My Hobby Project: Wispy, a canvas powered word cloud generator - seanodonnell
http://wispy.me
HTML5 Canvas powered, with a flash fallback so it even supports ie6 (very slow on it though). Supports twitter, facebook, and pasting in anything you like.
======
seanodonnell
HTML5 Canvas powered, with a flash fall-back so it even supports ie6 (very
slow on it though). Supports Twitter, Facebook, and pasting in anything you
like.

------
ctdonath
My main use of "word cloud" generators (wordle.net in particular) is to take
large texts, show all words except the most common, and - this is key -
highlight particular words.

Prime example: <http://www.wordle.net/show/wrdl/1507537/Reservoir_Dogs> (the
easily offended may refrain)

To do this with Wordle, I have to use a word processor & spreadsheet to count
the words, and specify the RGB color for each (all the same except the few I
want to stand out, however common/rare).
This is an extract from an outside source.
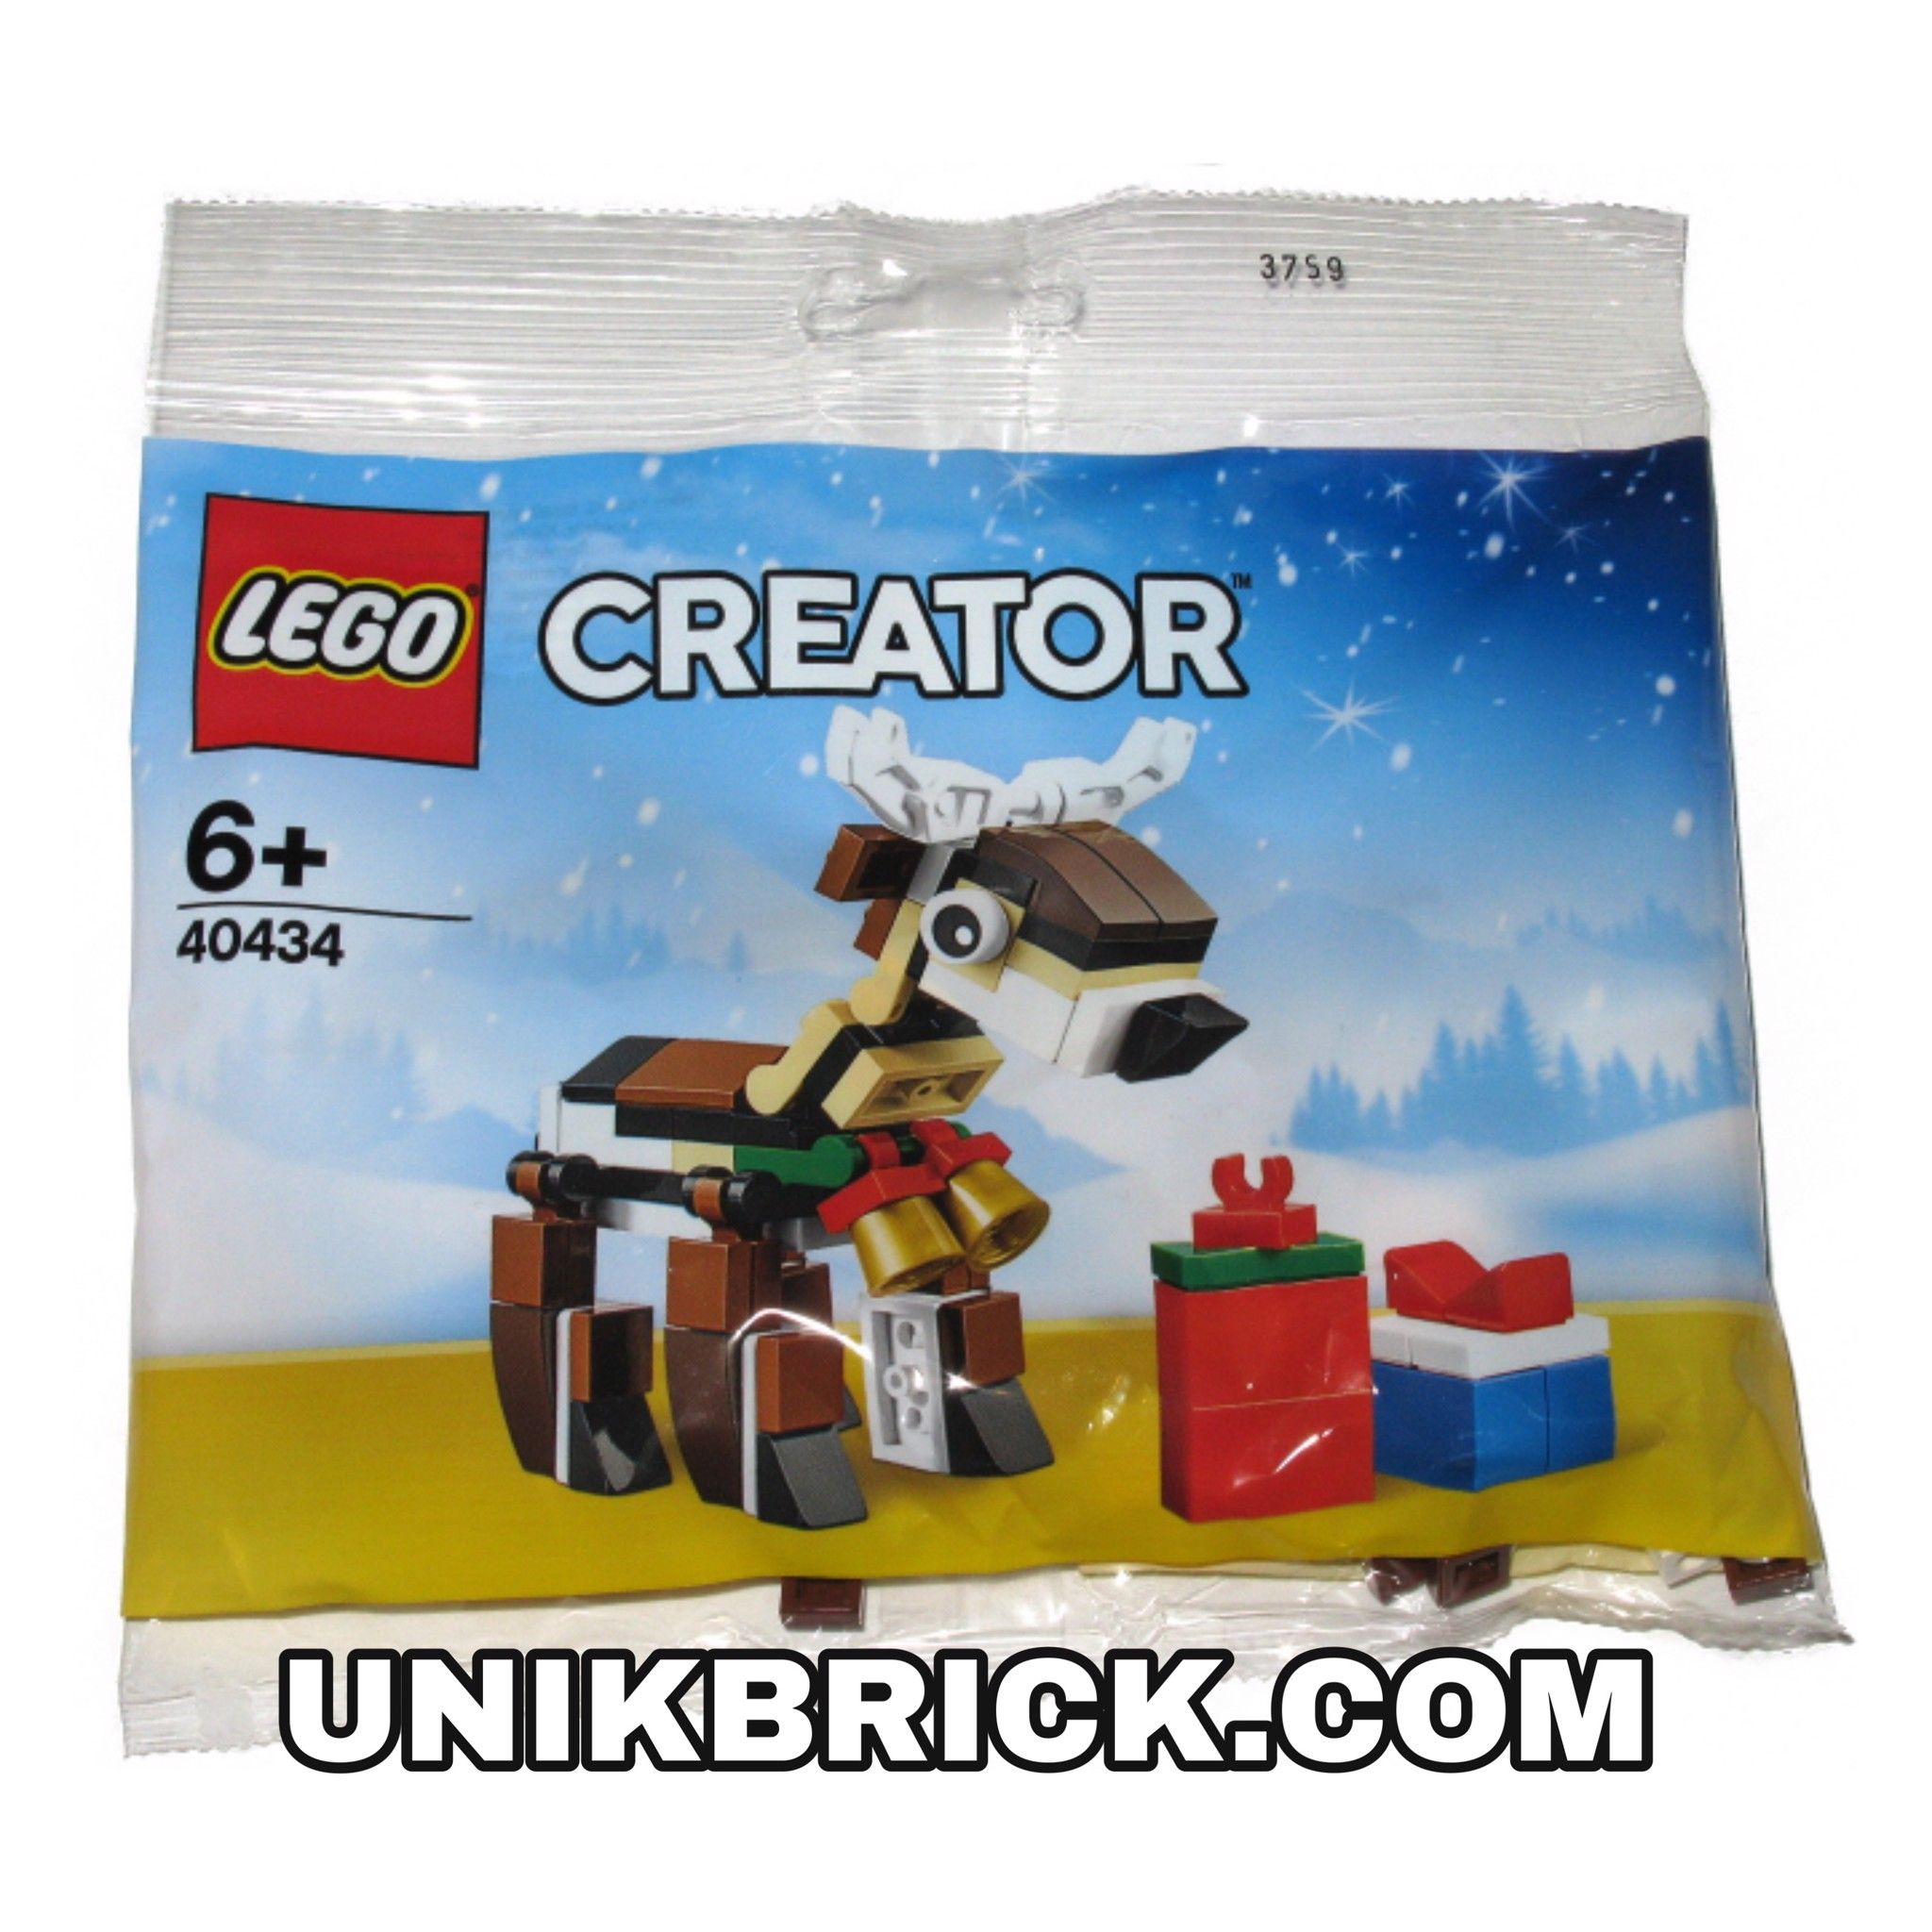 LEGO Creator 40434 Reindeer Polybag

The "common words" removal becomes
problematic when the words to highlight are in that removal list (say, when
rendering a speech by the Obama to highlight frequency of "I", "my", "me",
etc.). Ergo, would be nice to render all words no matter how rare, specify
default and per-word colors without marking all, and indicate specific
exemptions from the "common words" list.

------
machupai
Really cool. And you have also shared the technology used in the site. May be
you could blog about the development life cycle detailing some of the
rationale for selecting a given tech. Kind of like making of Wispy. I am sure
many of the us will get benefited out of that.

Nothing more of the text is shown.